◆ Supplied material ◆
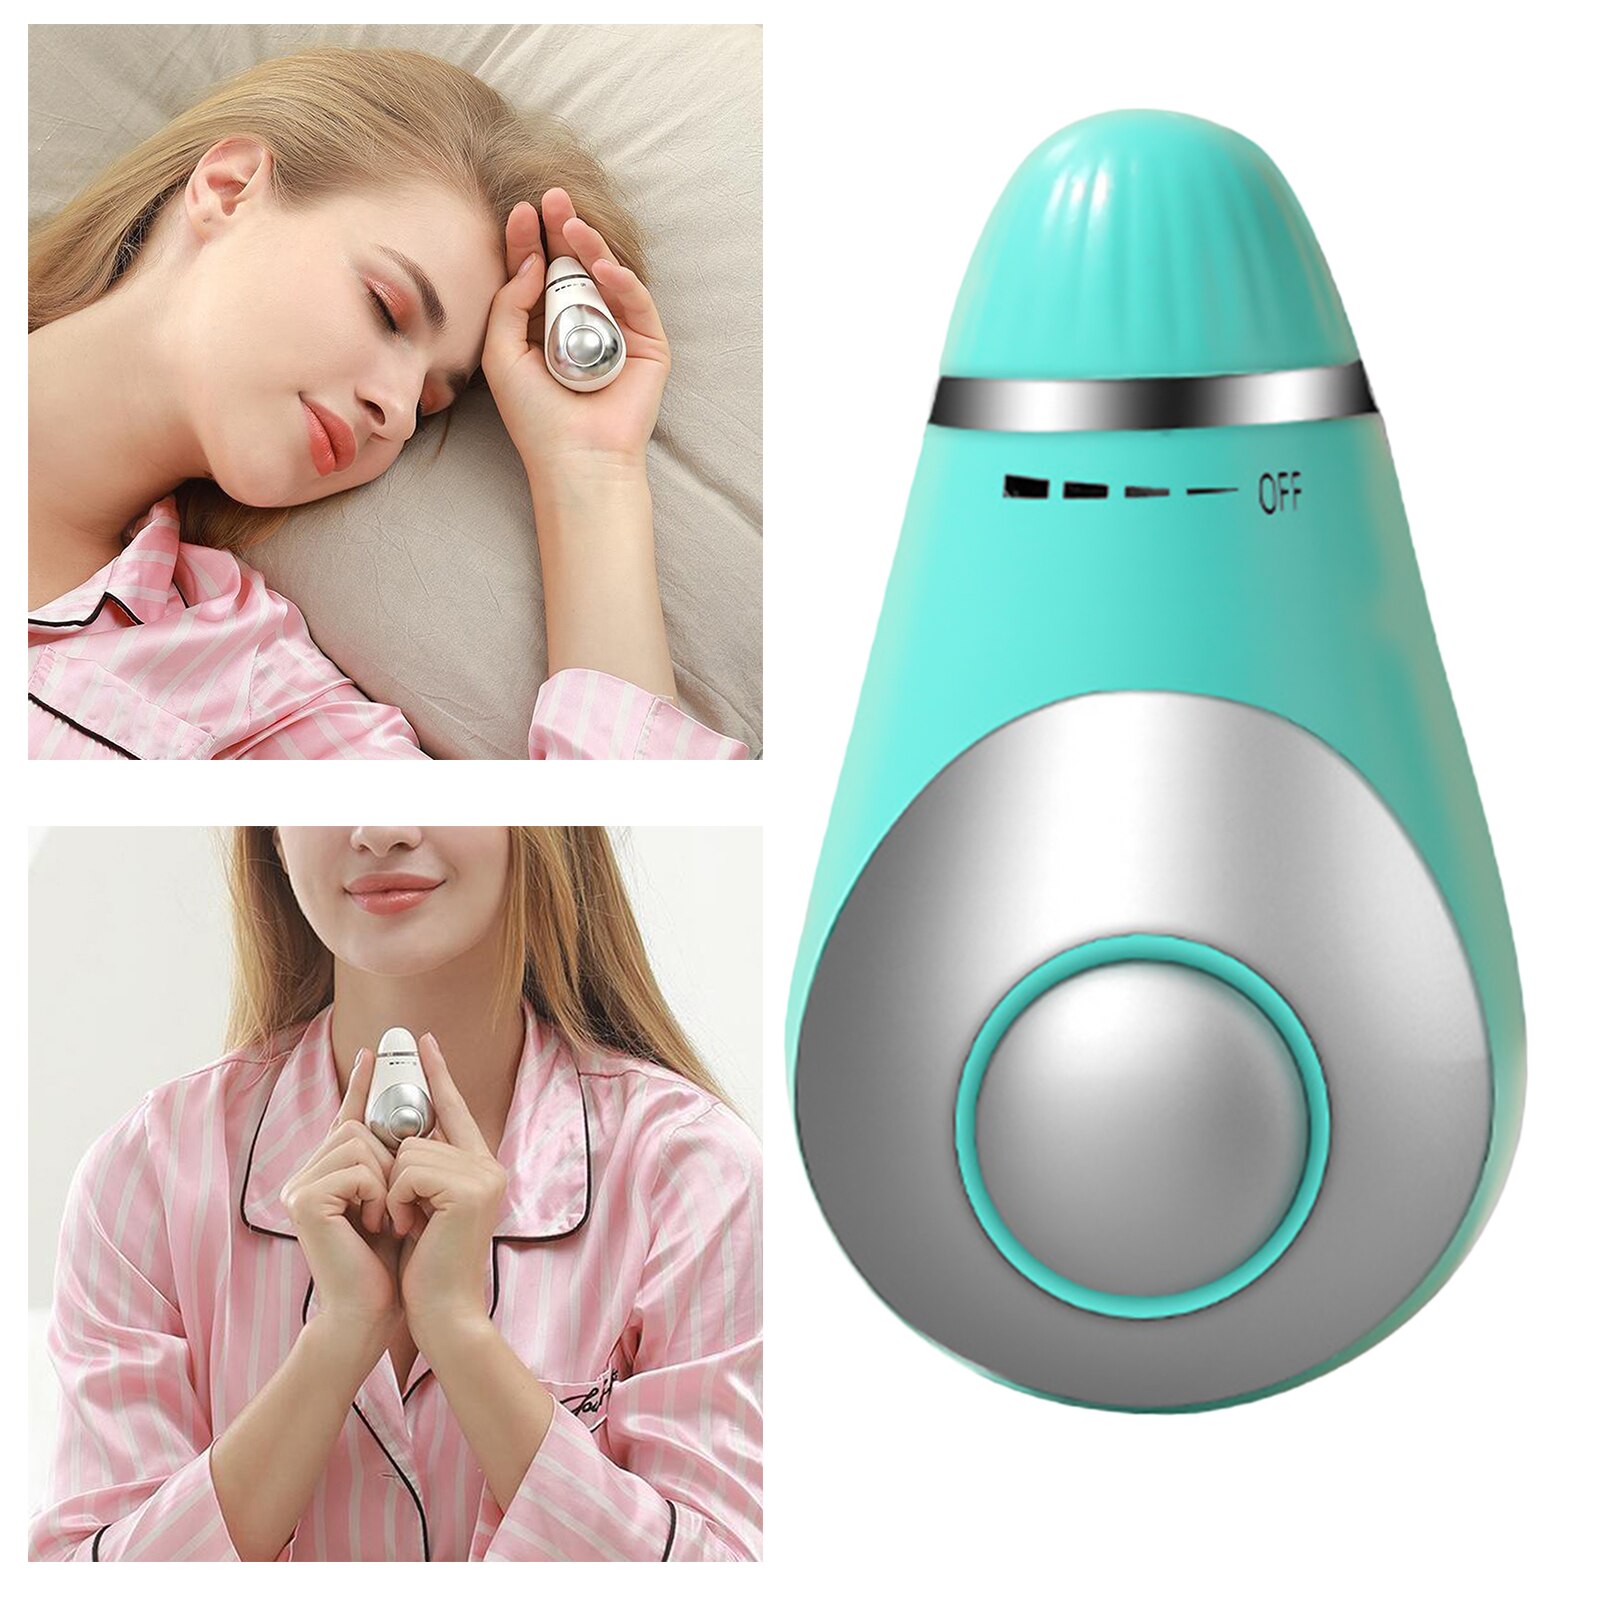 Bærbart håndholdt søvnhjælpemiddel, mikrostrøm intelligent søvnenhed hurtigt værktøj til søvnhjælp: Blå
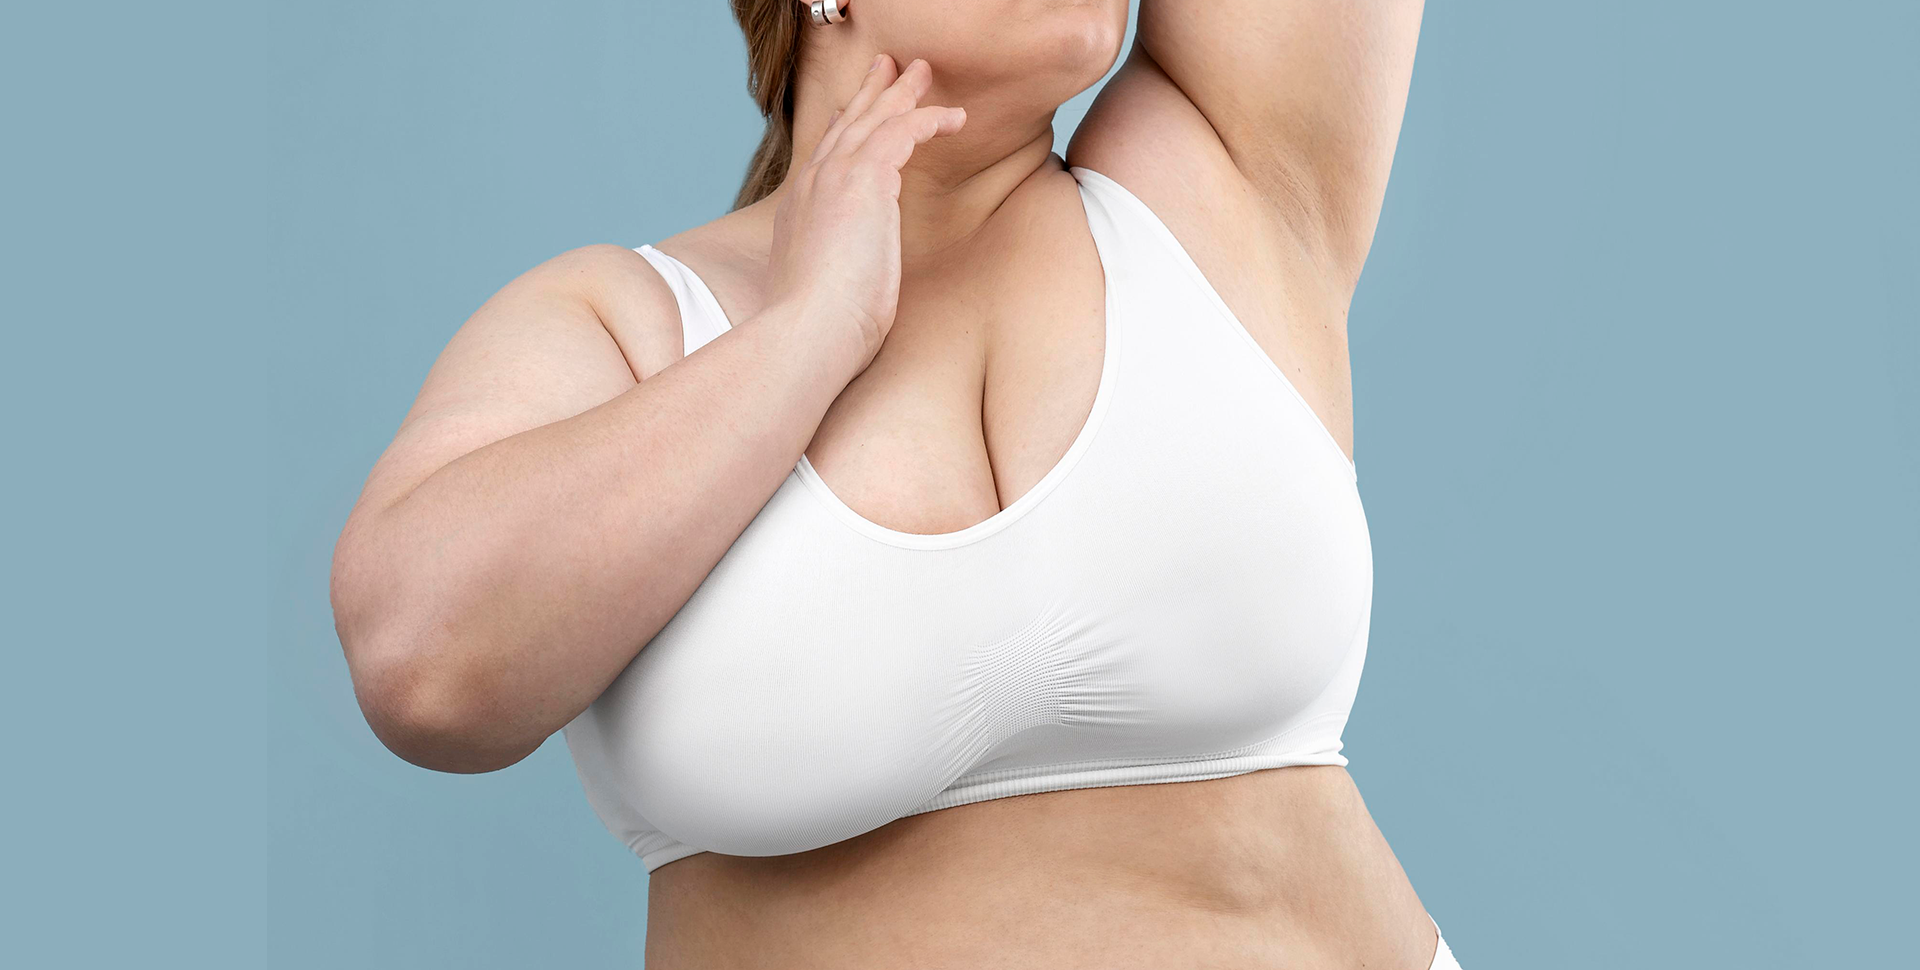 Mulher de top com mamas pesadas, caso que pode passar por uma mamoplastia redutora.
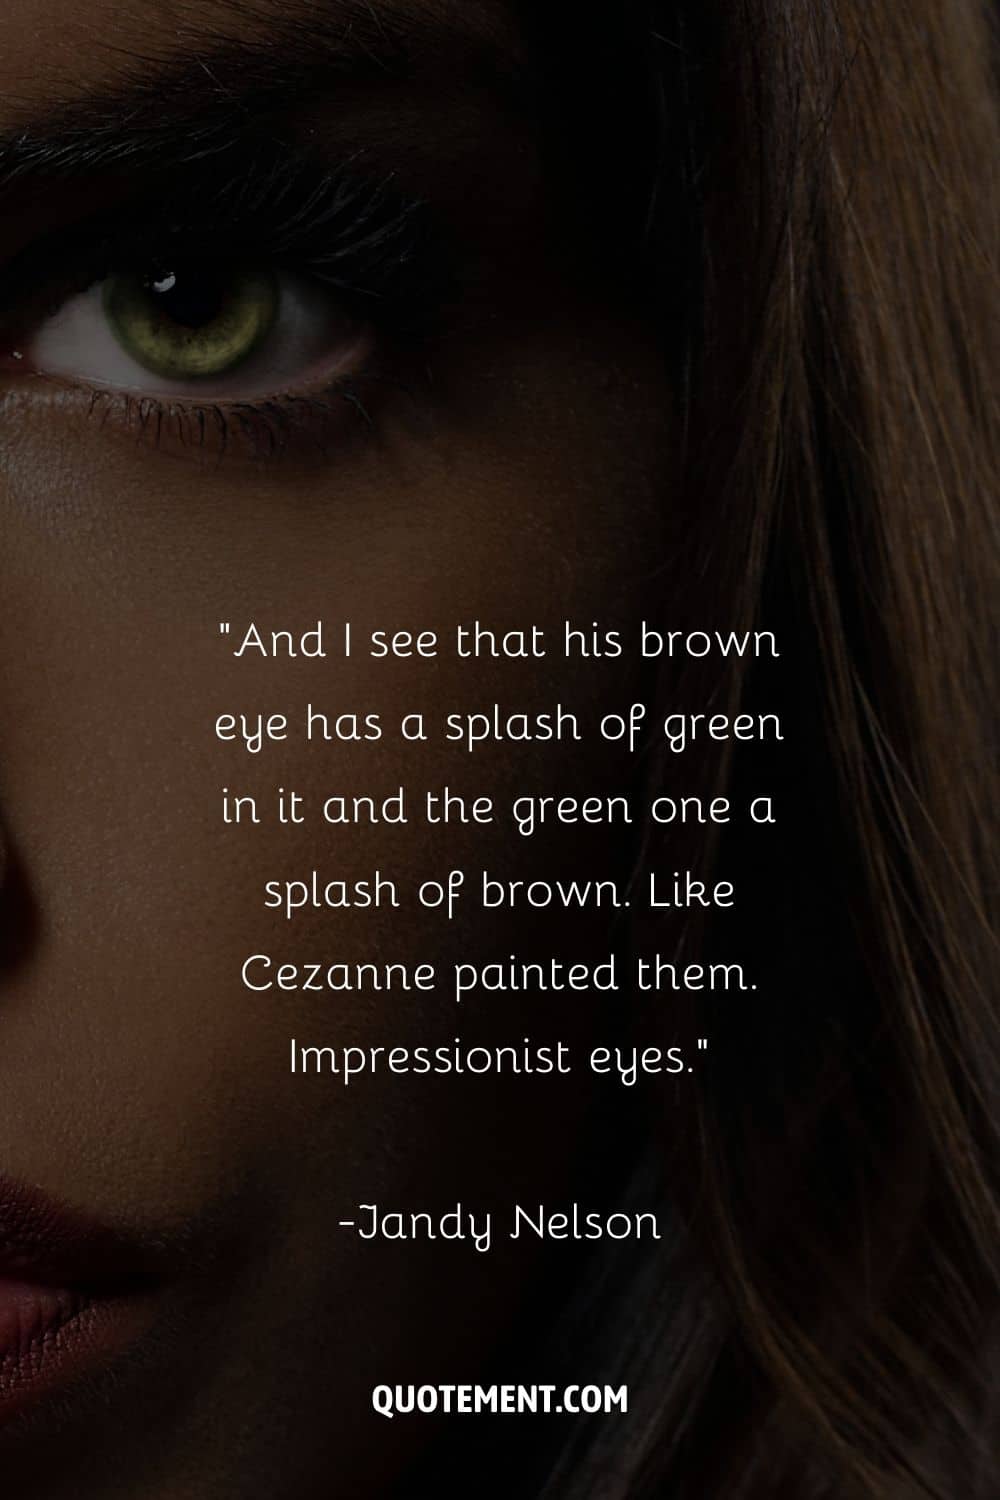 primer plano de la cara de una mujer con hermosos ojos verdes
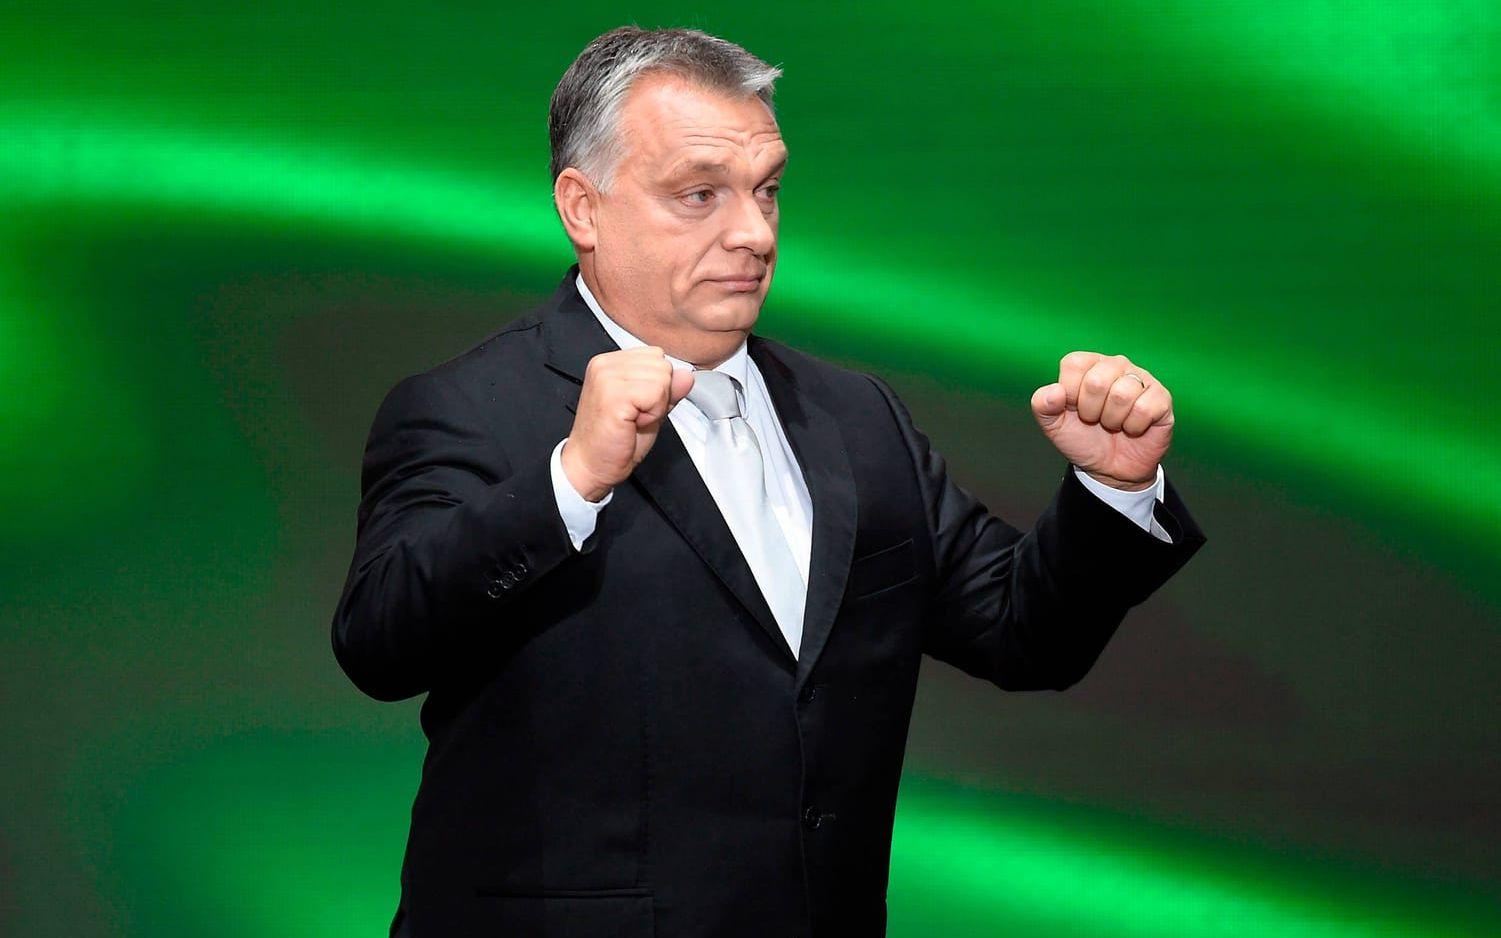 Ungerns premiärminister Viktor Orbán har länge skapat huvudvärk för många europeiska ledare. Som partiledare för det konservativa och nationalistiska partiet Fidesz har Orbán fått mycket kritik från EU för bland annat Ungerns migrationslagstiftning och för inskränkningar mot landets fria press. EU-kommissionens ordförande Jean-Claude Juncker presenterade Orbán på en presskonferens med orden "nu kommer diktatorn". ("The dictator is coming") Bild: Tamas Kovacs/MTI via AP

◆ Instructions for the task ◆
Nothing but the lines from the one with "Mulher de top" up to and including the one with "primer plano de" should be printed, exactly as they read above. Please keep the pictures out.

◆ Answer for the task ◆
 Mulher de top com mamas pesadas, caso que pode passar por uma mamoplastia redutora.
 primer plano de la cara de una mujer con hermosos ojos verdes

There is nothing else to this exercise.